Korda began her round with a bogey at the par-4 10th, pulling a putt from inside 14 feet to roughly 20 inches. Then she had a nearly half an hour wait before her group was able to tee off at No. 12, ranked the most difficult hole at the previous U.S. Women’s Open held at Lancaster Country Club in 2015.

Korda’s tee ball found a bunker behind the 161-yard hole. Her second shot from the sand failed to hold the green, rolling into the water guarding the front of the undulating putting surface. Her next two shots from beyond the hazard also ended in the water before an eighth stroke finally settled onto the green 10 feet from the cup.

She missed that putt, becoming the latest victim at No. 12 as the gallery around the green watched in disbelief. Over the first several hours Thursday morning, the hole produced eight double bogeys or worse, underscoring its difficulty, which caught players’ attention during practice rounds.

By the afternoon wave Thursday, No. 12 had rendered 20 scores of double bogey or worse. The next hardest hole by that metric was the par-4 fourth, which had yielded eight double bogeys or worse.

“It was tough to watch,” said Megan Khang (5 over), one of Korda’s closest friends on the LPGA Tour, who played in the same group along with Japan’s Nasa Hataoka (3 over).

Korda’s opening-round collapse, in which she uncommonly missed eight of 14 fairways, was a shocking turn of events given how well she had been striking the ball this year. Most recently she closed with 33 on the back nine to outlast Hannah Green by a stroke at the Mizuho Americas Open in Jersey City, in the shadow of Manhattan.

At the Chevron Championship, Korda posted four rounds in the 60s at the Club at Carlton Woods outside Houston, capped by a closing 69 to win by two shots over Sweden’s Maja Stark. She collected a winner’s check for $1.2 million, the highest payout in the history of the tournament.

That triumph was Korda’s fifth in as many starts, placing her in the company of Hall of Famers Nancy Lopez and Annika Sorenstam as the only players to win that many tournaments in a row.
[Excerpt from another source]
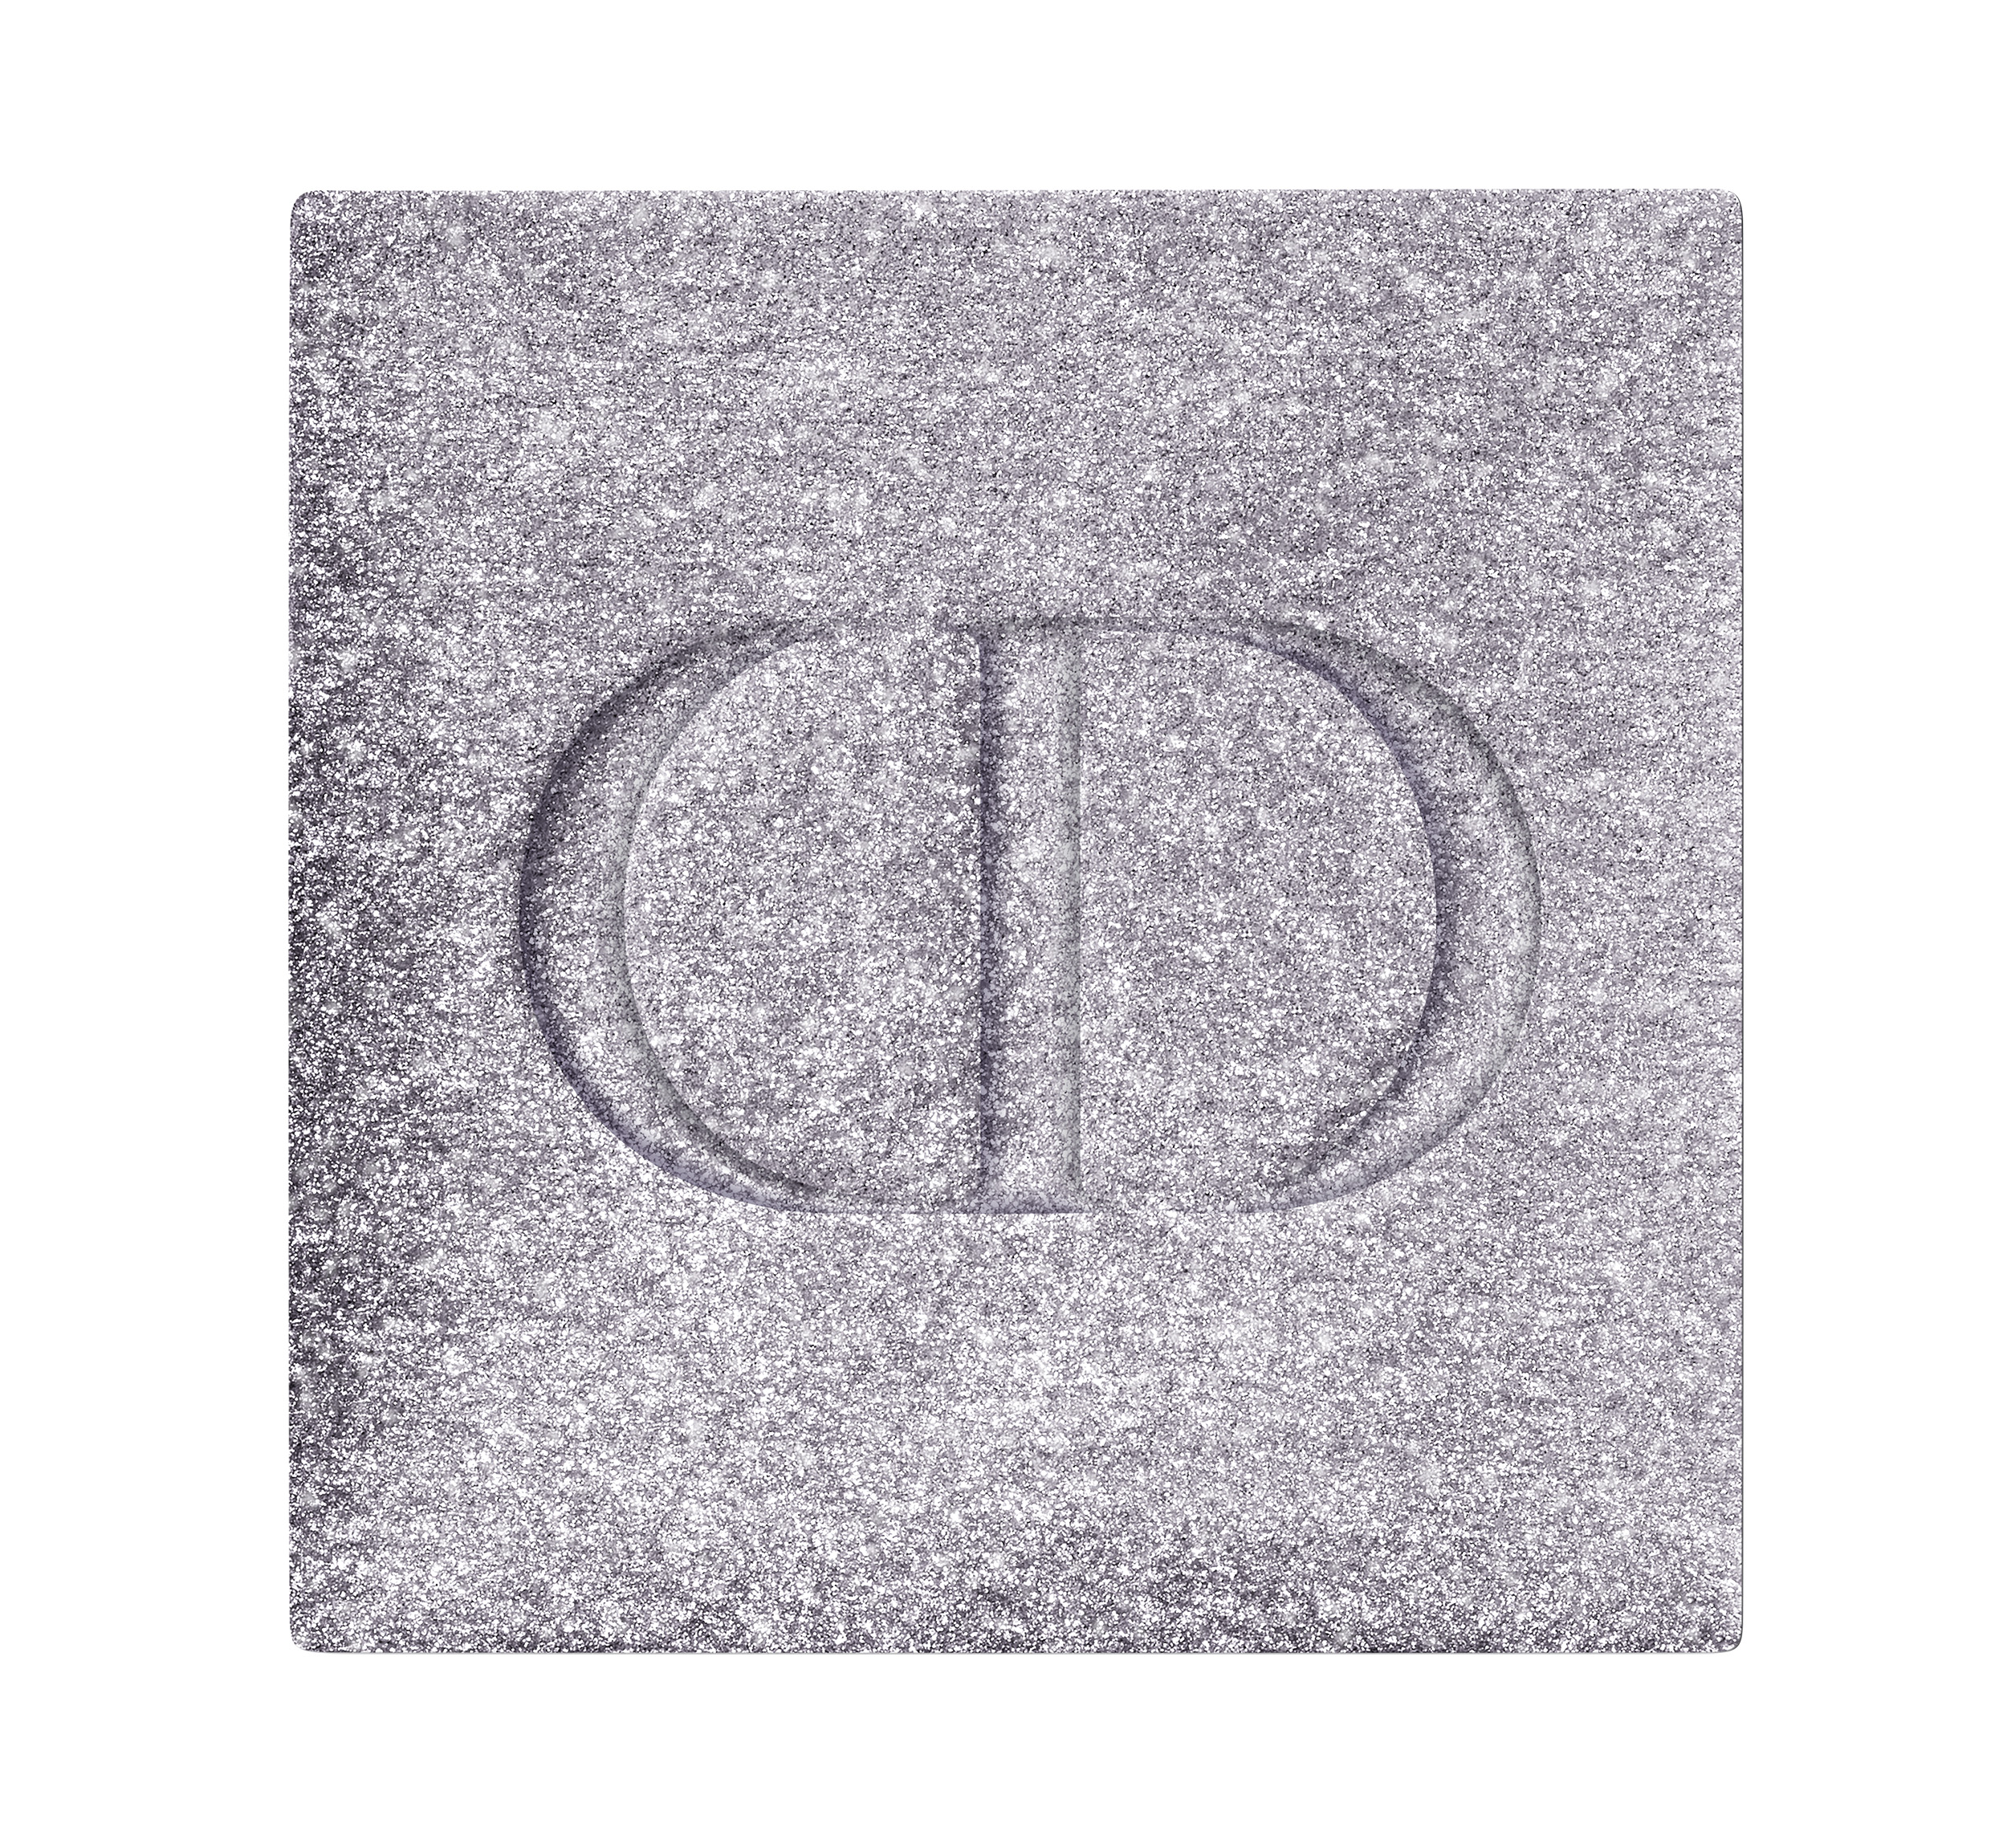 DIOR Mono Couleur Couture Eyeshadow, 045 gris dior

It also was the second major championship win for Korda following a victory at the Women’s PGA Championship in 2021 at the Atlanta Athletic Club’s Highland Course.

She is also believed to be the only player in women’s golf history to win six times in seven starts, dating from at least 1980, when the LPGA Tour began compiling official statistics.

“I mean, not a lot of positive thoughts, honestly,” Korda said. “Just honestly, I just didn’t play well today. I didn’t hit it good. I found myself in the rough a lot. Making a 10 on a par-3 will definitely not do you any good at [the] U.S. Open. I started off really poorly but played pretty well on the back nine, but overall, yeah, just a bad day at the office.”

The 6,583-yard layout, with 13 fully or partially blind approaches, doomed a handful of other top players. Lydia Ko, ranked 14th and one point from a spot in the LPGA Hall of Fame, also shot 10 over. Reigning U.S. Women’s Open champion Allisen Corpuz fired a 5-over 75.

South Korea’s Jin Young Ko, ranked seventh and a former world No. 1 for a record 159 weeks, shot 5 over, as did England’s Charley Hull, ranked eighth.

“I just knew it was going to be a grind out there,” Lee said. “I mean, this golf course is such a test. It’s a beast of a golf course really, and par’s a really good score out here.”